Valeria Palumbo

Incontriamo oggi la scrittrice e giornalista Valeria Palumbo. Attualmente caporedattore de L’Europeo, collabora con vari giornali e insegna al Master di giornalismo della Statale di Milano. L’ultimo libro pubblicato è Svestite da uomo (Bur, 2007).

Il libro (di un altro) che avresti voluto scrivere e il libro (tuo) che NON avresti voluto scrivere.

Di libri che avrei voluto scrivere – ahimé – ce ne sono un’infinità:
“L’anno della morte di Ricardo Reis” di José Saramago (tutti i suoi libri sono stupendi, a cominciare dal Memoriale del convento), “Domani nella battaglia pensa a me” di Javier Marias, “L’amore al tempo del colera” di Gabriel García Marquéz e “L’opera al nero” di Marguerite Yourcenar.

Il mio che non avrei scritto è “Lo sguardo di Matidia”: perché è quello che amo di più, ma l’ho fatto quando non ero ancora all’altezza di trattare con accuratezza il tema ed è pieno di ingenuità e ripetizioni. Lo riscriverò senz’altro.

Ti ritieni una scrittrice di genere o toutcourt, perché?

Non mi reputo una scrittrice. Per me gli scrittori scrivono narrativa. E per quanto sia Lo sguardo di Matidia, sia, soprattutto, Le donne di Alessandro Magno non siano veri e propri saggi, tutte le informazioni che contengono sono storiche (o almeno io al momento le giudicavo tali): non c’è nulla di inventato. Quindi non posso rispondere alla domanda. Sono una giornalista che scrive saggi di divulgazione storica.

Un sempreverde da tenere sul comodino, una canzone da ascoltare sempre, un film da riguardare.

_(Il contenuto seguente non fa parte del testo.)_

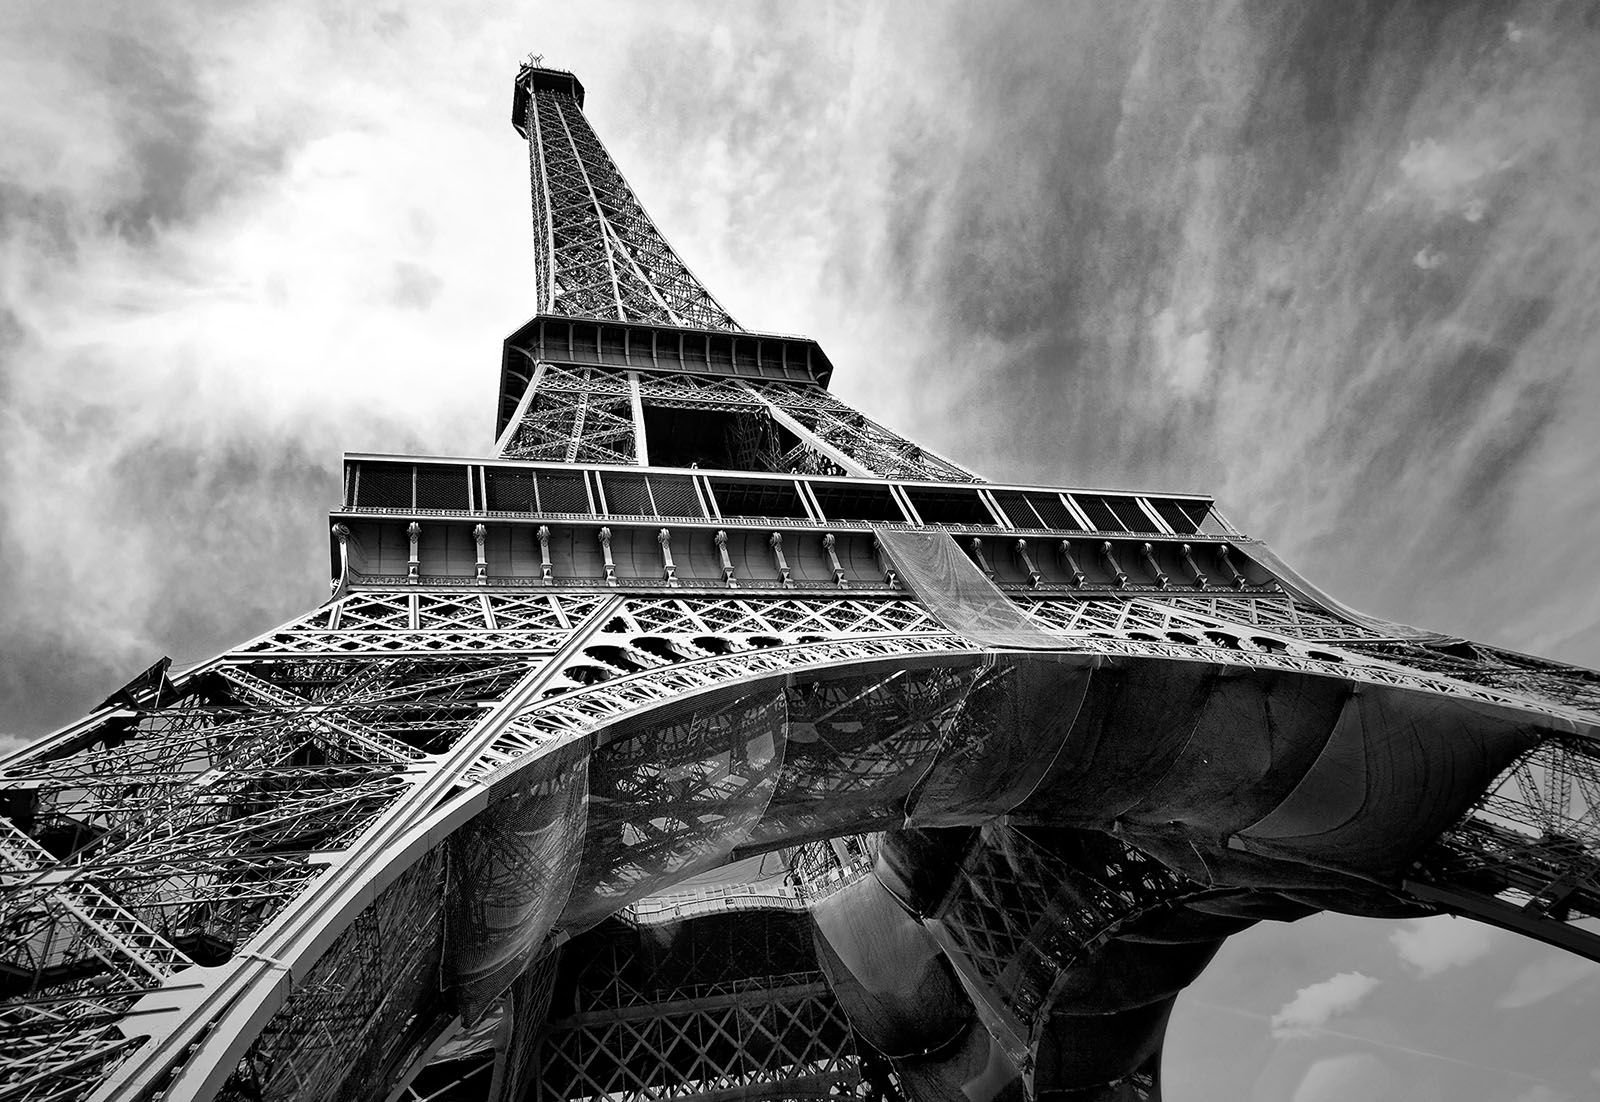 Fotomurale: Torre Eiffel (2) - 254x368 cm

Sul comodino… tengo fisso un manuale di yoga, lo confesso, insieme ai due libri che in genere sto leggendo. Ma se dovessi pensare a un romanzo da tenere sempre lì è “La morte” di Ivan Il’ic di Tolstoj. La canzone non so, forse “La donna cannone” di De Gregori… di sicuro l’ “Aria sulla quarta corda” di Johann Sebastian Bach. Il film pensavo fosse Oci ciornie di Mikhalkov, ma confesso di averlo rivisto di recente e mi ha colpito meno. Oggi, forse, ti direi “A torto o a ragione” di István Szabó, che rivedo sempre con lo stesso piacere.

Si può vivere di sola scrittura oggi?

Certo che si può vivere di scrittura.. come giornalista vivo di scrittura, no?! Scherzo. In ogni caso qualche scrittore da oltre centomila copie esiste: superata una certa soglia (secondo me in Italia ne bastano circa 50mila) e con un po’ di abilità mediatica, si cominciano a ricevere incarichi, inviti, etc. etc. che permettono di vivere anche nei periodi di calo creativo.

Favorevole o contraria alle scuole di scrittura creativa? Perchè?

Favorevole. Il talento ovviamente non si insegna (che frase banale!) ma le tecniche di scrittura sì. Proprio come per i giornalisti. Uno crede di nascere “cronista” e invece se non ti insegnano dove guardare per “trovare” una storia, giri a vuoto. A lungo, almeno. E poi la scrivi malissimo e la titoli peggio. I trucchi del mestiere permettono sia di arrivare a un livello decente, se non si è proprio negati, sia di evitare gli errori, spaventosi, degli scrittori italiani: descrizioni lunghissime, abuso della prima persona, troppi sentimenti e pochi fatti, sequenze lente e inconcludenti, finali mosci, inizi ancor più mosci, inutili compiacimenti, narcisismi, aggettivi in eccesso e perfino avverbi oltremisura, etc.
Certo, l’eccesso di scuole mi fa temere il peggio: non mi risulta che esistano tanti scrittori bravi, in Italia, da coprire tutti i corsi. Però è vero che, proprio come accade ai giornalisti, si può essere pessimi scrittori e ottimi censori.